It has been common for many years for consumers to pay bills by way of a personal check written by the consumer to the order of an entity and delivered to that entity by mail or in person. With the proliferation of computers interconnected to computer networks, particularly the Internet, consumers can now pay bills electronically. However until recently it was not possible for a consumer, using a computer terminal, to interact with a single payment system capable of paying all the consumer's bills whether by electronic means or by a paper check. Such a system now exists in the form of a consolidated bill payment system as described by Kight, et al. in U.S. Pat. No. 5,383,113, entitled SYSTEM AND METHOD FOR ELECTRONICALLY PROVIDING CUSTOMER SERVICES INCLUDING PAYMENT OF BILLS, FINANCIAL ANALYSIS AND LOANS.
Although the consolidated bill payment system described by Kight, et al. significantly advanced the state of the art, it did not focus on several problems which may arise in implementing a consolidated bill payment system capable of automatically paying consumer bills to merchants.
A typical state of the art electronic bill payment system is established by a financial institution or third party to provide subscribing customers with the capability to electronically pay registered merchants. Present day electronic bill payment systems operate in an integrated manner to collect payment requests electronically from consumers, process those requests to render them suitable for payment, and then pay the registered merchants, i.e., merchants listed in the system database. Hence, using present day systems, each has to establish relationships with both customers and merchants.
Developing and implementing a bill payment system has significant costs. First, a relationship has to be established with each merchant. Furthermore, special formatting requirements, and other rules and procedures required by each merchant for presenting payment data in a form the merchant system can process automatically must be determined and complied with. One of the features most desirable in any consolidated electronic bill payment system is that a consumer be allowed to pay any merchant to which the consumer owes a bill. Ultimately, this means that each conventional bill payment system may have hundreds of thousands of merchants in a database. Each bill payment entity must establish relationships with these merchants and comply with their special rules and procedures for the transfer of payment data. This is an expensive and time consuming process. Thus, it would be beneficial to provide a way to reduce the time and expense which must now be spent by every bill payment entity to implement a consolidated bill payment system.
Another problem is that consumers or data entry personnel sometimes make mistakes in entering payment data required by the bill payment system. Such a case arises when a consumer's account number with a merchant is incorrectly entered. The payment system must submit a correct account number to the merchant who will use this account number to associate the payment with the consumer. Thus, a technique is needed to validate the submitted consumer's account number.
A data entry person may also enter payment data which incorrectly specifies the merchant's name or parts of the merchant's address. It has been found that merchant information such as the merchant name, address, zip code are typically mangled at the data entry stage. It has been further observed that errors will often be made upon entry of the zip code. The merchant's name, address, and zip code is typically required by the payment system in order to, for example, retrieve merchant records from the merchant database. If this data is incorrect, the payment system may be unable to retrieve the correct merchant's record for processing a payment. Thus, a technique is needed to correctly identify a merchant record notwithstanding the submission of erroneous merchant data.

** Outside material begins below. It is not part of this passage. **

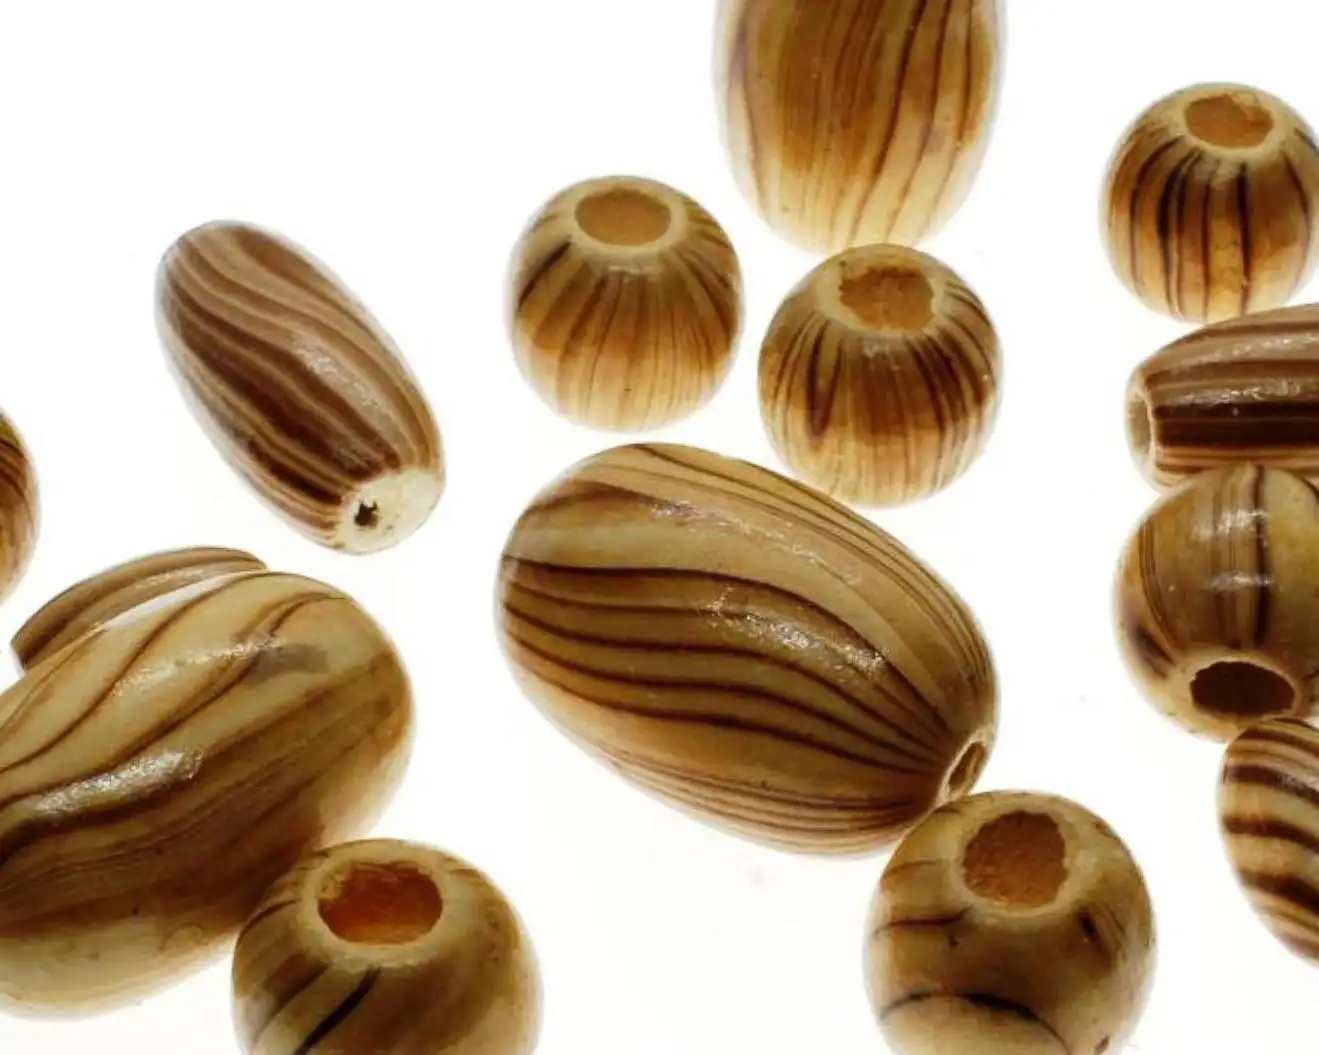 Holz Perlenmischung natürliche und braune Farbe Handwerk Hobby und Schmuck benutzerdefinierte farbige geformte Größe hölzerne Perlen in Indien hergestellt
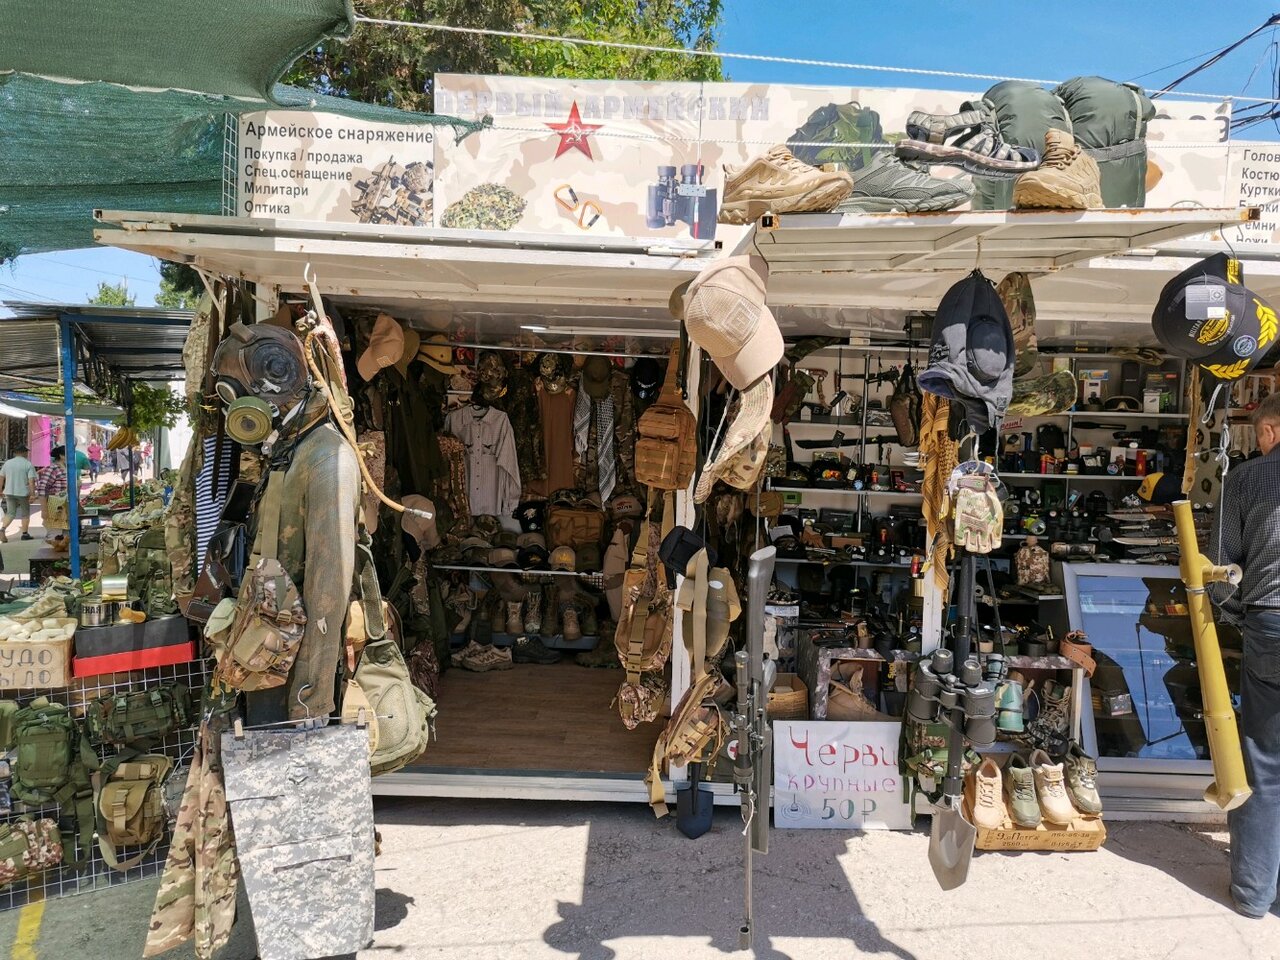 Ассортимент товаров магазина экипировки Military Foem Shop на Октябрьской Революции в Севастополе

A consolidated bill payment system must also have the capability to properly remit payments to the same merchant at more than one remittance center. Commonly a large commercial merchant, (e.g., shoe company, Sears) will have several remittance centers distributed geographically so that customers can submit bills to a center within their location. Thus, a technique is required to ensure that consumer payments are remitted to the proper one of multiple remittance centers associated with the same.
Advantageously, a consolidated payment system must also be able to handle the different processing formats and requirements of numerous separate merchant accounting systems. For example, each merchant's account system may require payment information, such as consumer account numbers, in a format different than that submitted by the consumer. For example, many merchant accounting systems will only accept an account number with some portion of a consumer's last name or the consumer's zip code appended to the end of the account number presented by the customer.
A merchant account system may even require an altered consumer account number which uniquely identifies the consumer. For example, two consumers, e.g., spouses, may have identical account numbers, but the merchant accounting system may designate the account of each consumer uniquely, such as by combining the account number with the prospective customer's name. Additionally, it is not unusual for a merchant to have different account numbers for a single customer. For example, an account number on an invoice which goes out electronically may be different from an account number for the same customer which goes out as a paper transaction.
Thus, a consolidated bill payment system must be able to handle the various formats required by the merchant accounting system of each merchant. Accordingly, a technique is required to transform payment data received from the consumer into a form compatible with a merchant's accounting system.